As we ring in the new year, we’d like to kick things off in our usual fashion – with a quick recap of our most popular posts from the year just concluded. So here are our “Top 10” posts from 2017, sorted in increasing order of readership – enjoy!
10. Quick-Start Guide to the Data Science Bowl Lung Cancer Detection Challenge, Using Deep Learning, Microsoft Cognitive Toolkit and Azure GPU VMs
Lung cancer – which is the leading cancer when it comes to mortality in both women and men in the US – suffers from a low rate of early diagnosis. The Data Science Bowl competition aimed to help by having participants use machine learning to determine whether CT scans of the lung have cancerous lesions or not. Success in the competition required that data scientists get started quickly and iterate rapidly. Through this post, we showed how to compute features of scanned images with a pre-trained Convolutional Neural Network (CNN), and use these features to classify scans as cancerous or not using a boosted tree – all within one hour.

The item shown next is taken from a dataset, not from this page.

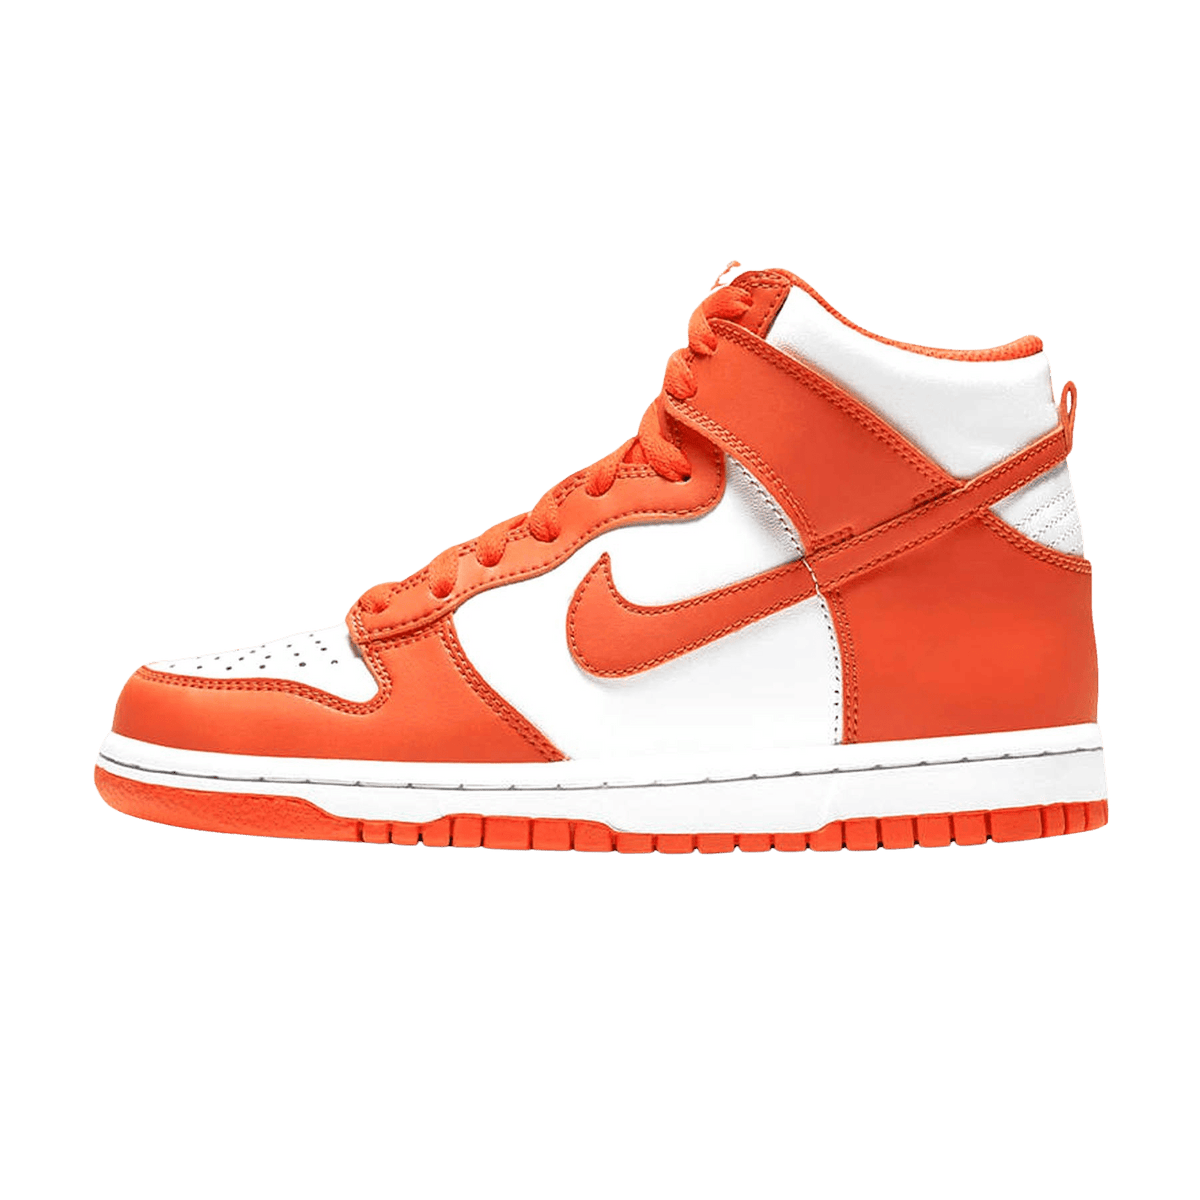 nike dunk Excee sp syracuse gs 2021 1

Traditionally, developers would build rules-based engines into their source code. When their knowledge of a problem became clearer, the rules engine would be modified, and existing apps would be patched and updated. With ML, however, we are training machines to recognize patterns and relationships in data across a wide group of problem sets. This training is used to build an ML model, which can be thought of as an API in that it accepts a data set and returns a result that can be acted upon. When more data is acquired, the model can be retrained to produce more accurate predictions. Couple this approach with the cloud and we can publish models online and build apps that consume them, thus removing the need for local rules engines. This means we can retrain ML models without having to touch our apps and in many cases, we remove the need to ever patch or update. This post helps demystify these topics from the viewpoint of a software developer.

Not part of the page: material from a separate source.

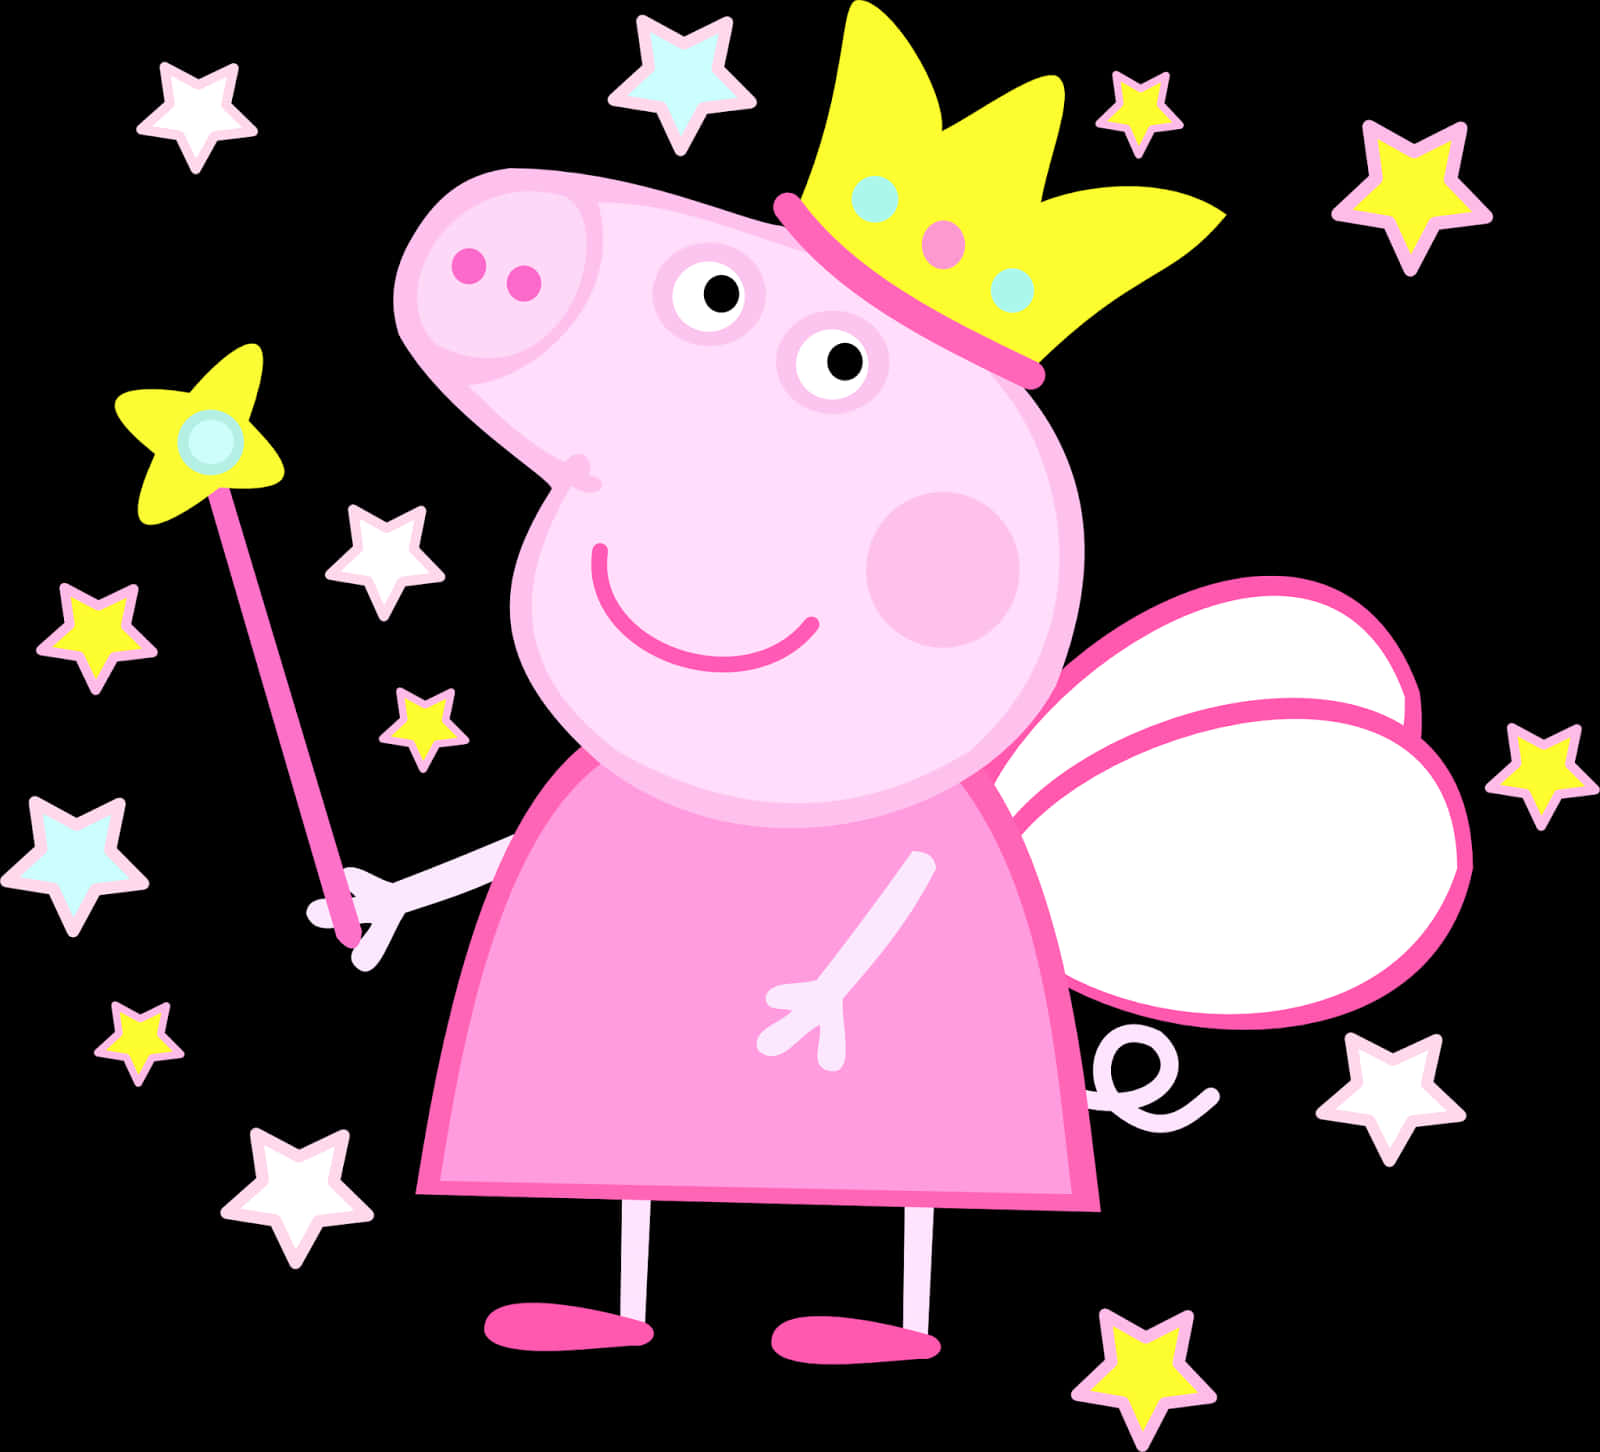 A Cartoon Pig With Wings And Crown Holding A Magic Wand

How to learn about all things AI and ML from Microsoft and stay in the loop on our future offerings. Several hands-on training options are included.
Our announcement of the Microsoft Machine Learning library for Apache Spark. This library helps you increase your productivity on Spark, increase your rate of experimentation, and take advantage of cutting-edge ML techniques including deep learning on very large datasets.
How to create an end-to-end text classification system using deep learning on Azure. The CNNs discussed in this post were trained at the character level, i.e. we do not use words or groups of words as the input to a network. Rather, we encode each sentence as a matrix, mapping each character of the sentence to a dictionary. The resulting matrix is fed into a convolutional network, which can learn increasingly abstract hierarchical representations of this input. These features are used to determine the class of the text. We demonstrate how easy it is to train one of these networks on our high-performance GPU DSVMs by distributed computation with 4 GPUs. Once the model is trained, one can quickly create a web service in Azure Web Apps to host the prediction system. The code used for this is open source and accessible via this post.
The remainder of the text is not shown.